Will start a search for the perfect RSS reader 

Reading the internet on 7" tablet is not the easiest way to get info for someone with old (_ahem_) eyes.

BUT, I did just find my favorite weekly magazine, THE WEEK, available on the Kindle, with text mode option.


----------



## Ann in Arlington (Oct 27, 2008)

I really like _The Week_. Have a paper subscription. . .will check it out for Fire. . . . .


----------



## Betsy the Quilter (Oct 27, 2008)

Betsy the Quilter said:


> I read blogs as RSS feed to Pulse on the iPad, haven't tried the Pulse app on the Fire yet...
> 
> Betsy


I have my blogs sent to Pulse, and it seems to work well on the Fire.
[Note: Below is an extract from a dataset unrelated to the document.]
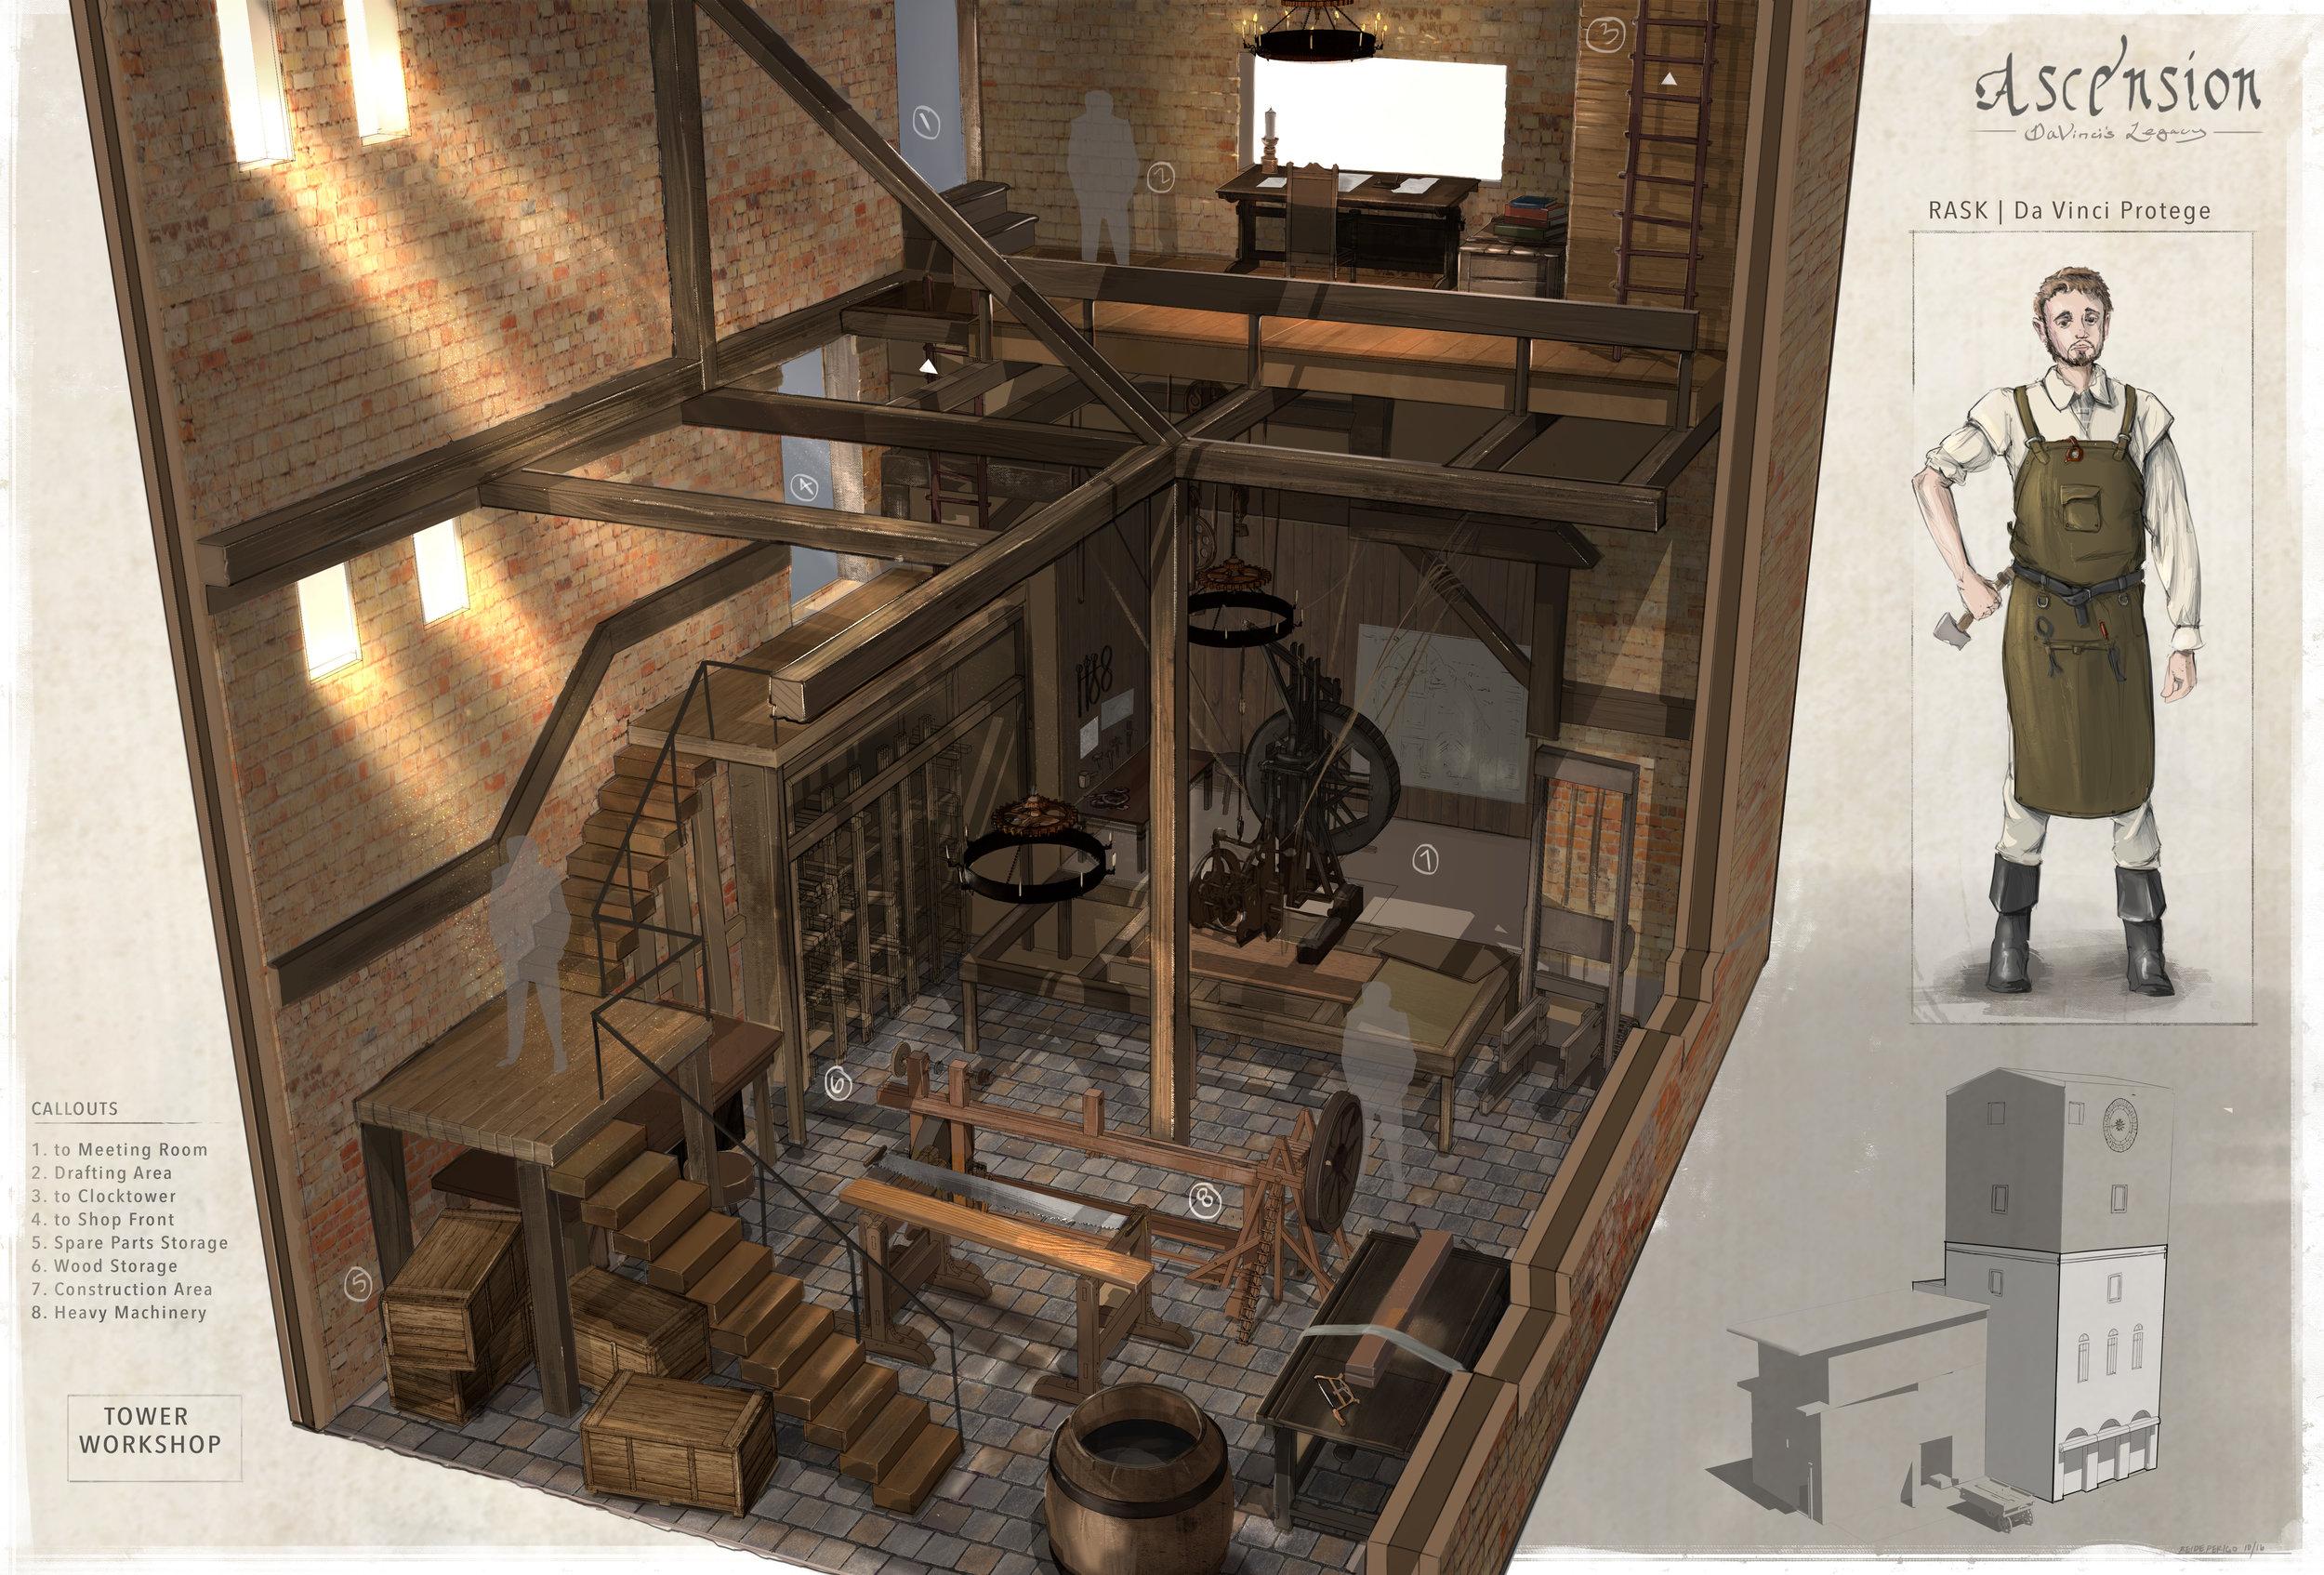 Tower Workshop

If you're already using Google Reader, you can import feeds set up in Reader, otherwise you can give it a site and it will find the rss feeds for that site and offer you the option to add them

Once in Pulse, click on the Menu icon along the bottom, then click on "Manage Sources." scroll to the bottom of the page and click on the blue +. On the page that appears, ignore the options (unless you want them) and either use "Browse" "search" or "Reader" along the top, as appropriate.

Just added _The Week_ feed to Pulse.

Betsy


----------



## sosha (Feb 9, 2010)

Ann in Arlington said:


> I really like _The Week_. Have a paper subscription. . .will check it out for Fire. . . . .


Don't you just love it? A different perspective on everything and anything.


----------



## Ann in Arlington (Oct 27, 2008)

sosha said:


> Don't you just love it? A different perspective on everything and anything.


I'm not sure it's worth $5 a month to get it on the Fire, though.


----------